I offer this not uninteresting series of cinematographic exposures as the basis for the establishment of the new Museum. I have had the good fortune to take films of persons of considerable importance, and with their support perhaps I will be able to see these archives of a new genre founded in Paris.

I have described why I augur a rapid and easy development for this depository. I shall contribute to it myself. In addition to the scenes I have mentioned, I already have a great many others to my credit: the coronation of His Majesty Nicolas II, the Russian visits of the two other emperors, and the Jubilee of Queen Victoria of England. Most recently I was able to photograph in Paris parts of completely unexpected and compelling events. I propose to collect throughout Europe reproductions of all scenes which would seem to me to be of historic interest, and to send them to the future Depository.

My example will be imitated . . . if you are only so good as to encourage this simple but new idea, making suggestions of your own to improve it, and above all giving it the wide publicity it needs to thrive and be fruitful.
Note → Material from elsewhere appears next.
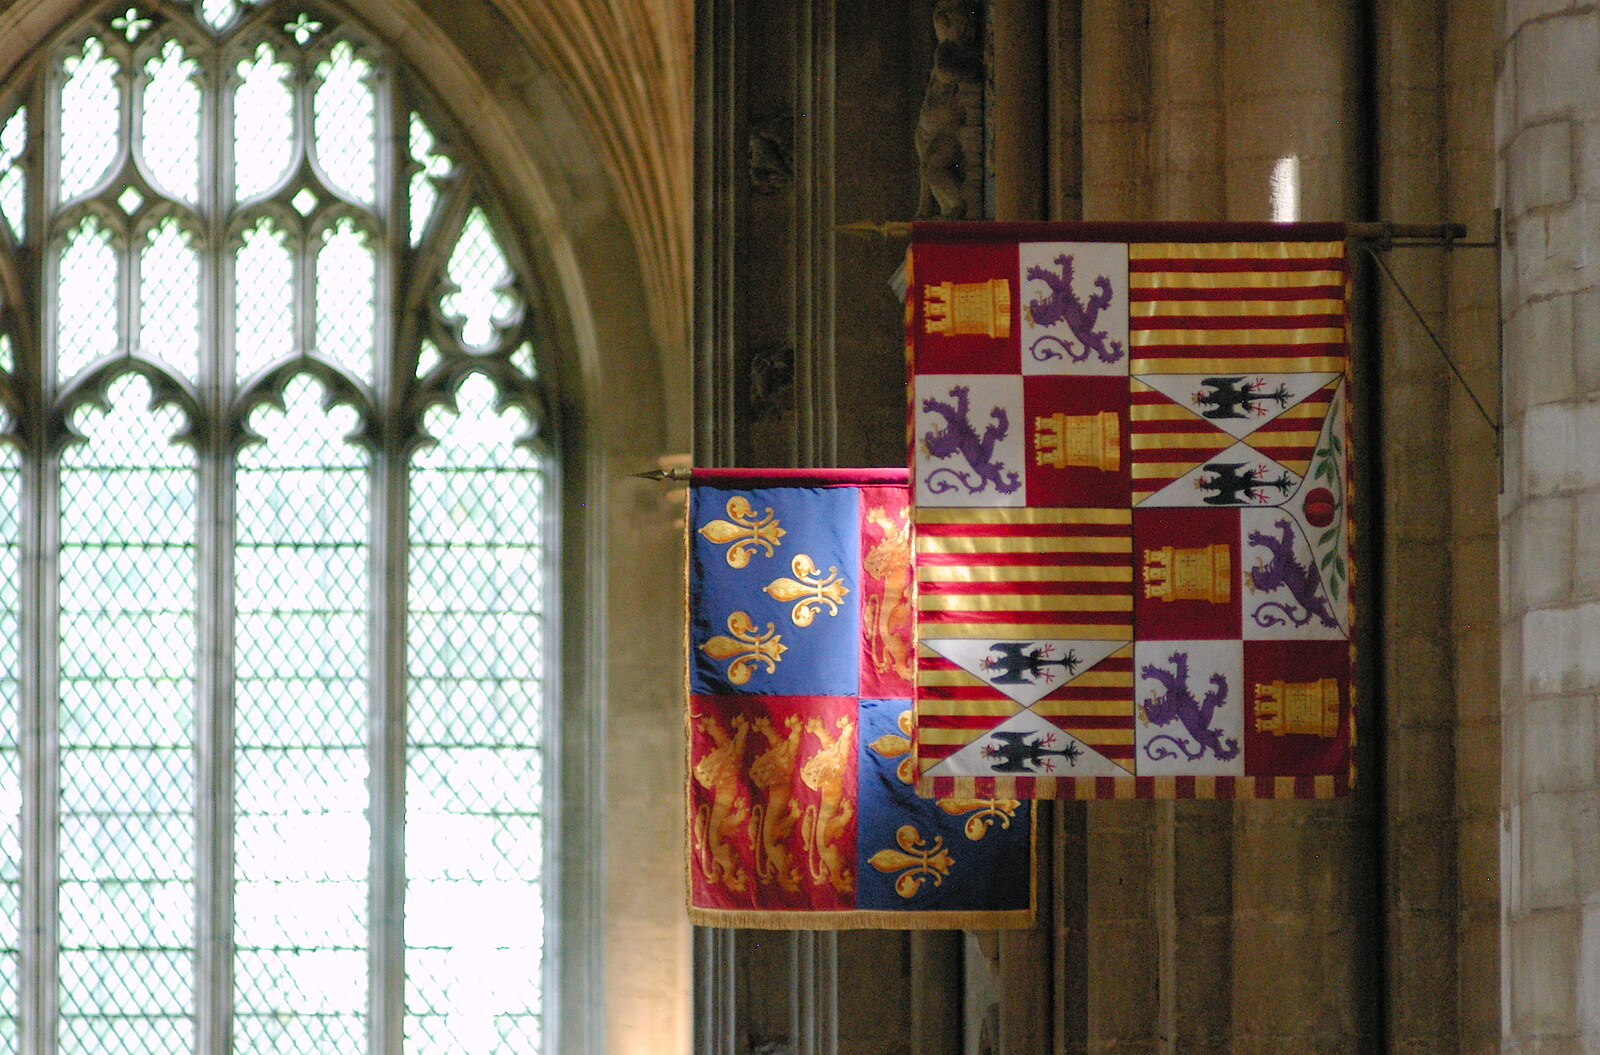 Some royal standards from Peterborough Cathedral, Cambridgeshire - 7th September 2005

Translated from French by Julia Bloch Frey

NOTES
[1] Words in italics appear thus in the original.
[2] It was discovered during a projection that one of these shots indiscutably refuted a false statement coming from abroad which alleged that an impropriety of conduct had been committed during these meetings. Certainly the affair was of small importance but it is nonetheless only one example of animated photography in the service of truth, verifying the testimony of men. A whole anecdotic side of history will hereafter escape the fantasy of narrators.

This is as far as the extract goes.